Regardless of the mode of charging, the right edge of the phone showed a higher rate of increase in temperature than other areas of the phone and remained higher throughout the charging process. A CT scan of the phone showed that this hotspot is where the motherboard is located.

Also noteworthy was the fact that the maximum input power to the charging base was greater in the test where the phone was misaligned (11 watts) than the well-aligned phone (i watts). This is due to the charging system increasing the transmitter power under misalignment in order to maintain target input power to the device.

The maximum average temperature of the charging base while charging under misalignment reached 35.3 °C (95.54 °F), two degrees higher than the temperature researchers detected when the phone was aligned, which achieved 33 °C (91.4 °F). This is symptomatic of deterioration in system efficiency, with additional heat generation attributable to power electronics losses and eddy currents.

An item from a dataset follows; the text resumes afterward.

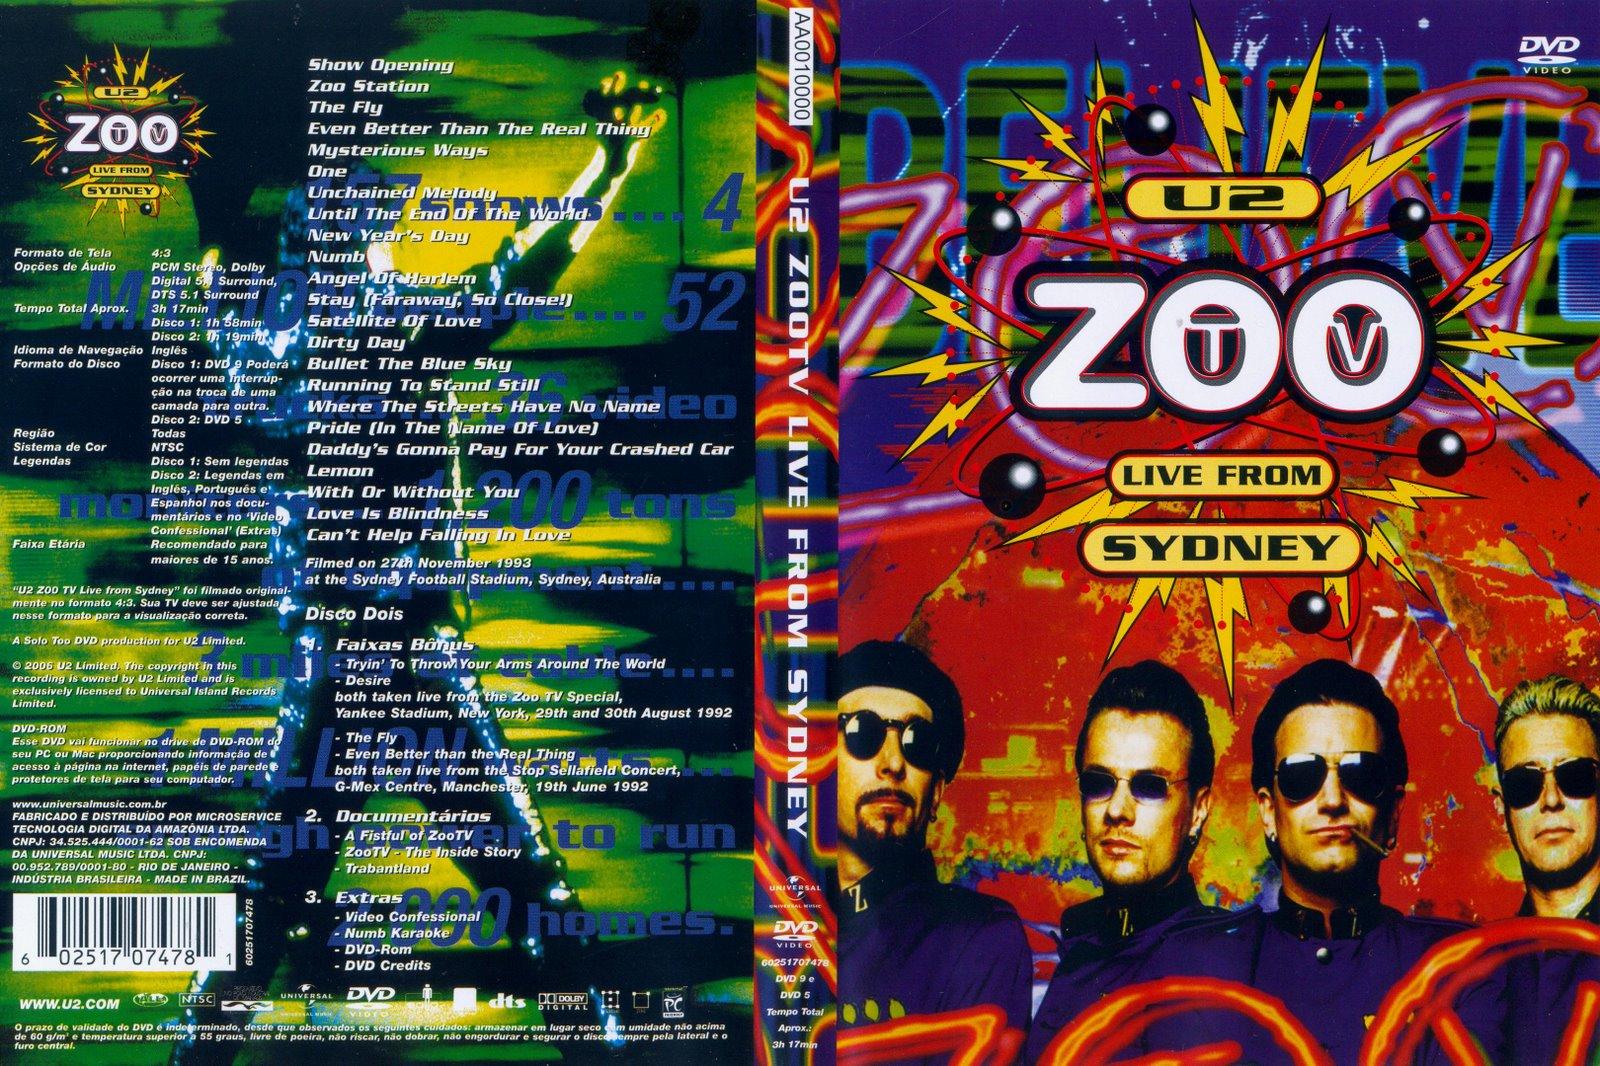 http://4.bp.blogspot.com/_brcl7Spzbn4/S_Eyd5ahcRI/AAAAAAAAAYw/IDKYpHnOtRk/s1600/U2_-_Zoo_TV_-_Live_From_Sydney.jpg

The researchers note that future approaches to inductive charging design can diminish these transfer losses, and thus reduce heating, by using ultrathin coils, higher frequencies, and optimized drive electronics to provide chargers and receivers that are compact and more efficient and can be integrated into mobile devices or batteries with minimal change.

In conclusion, the research team found that inductive charging, while convenient, will likely lead to a reduction in the life of the mobile phone battery. For many users, this degradation may be an acceptable price for the convenience of charging, but for those wishing to eke out the longest life from their phone, cable charging is still recommended.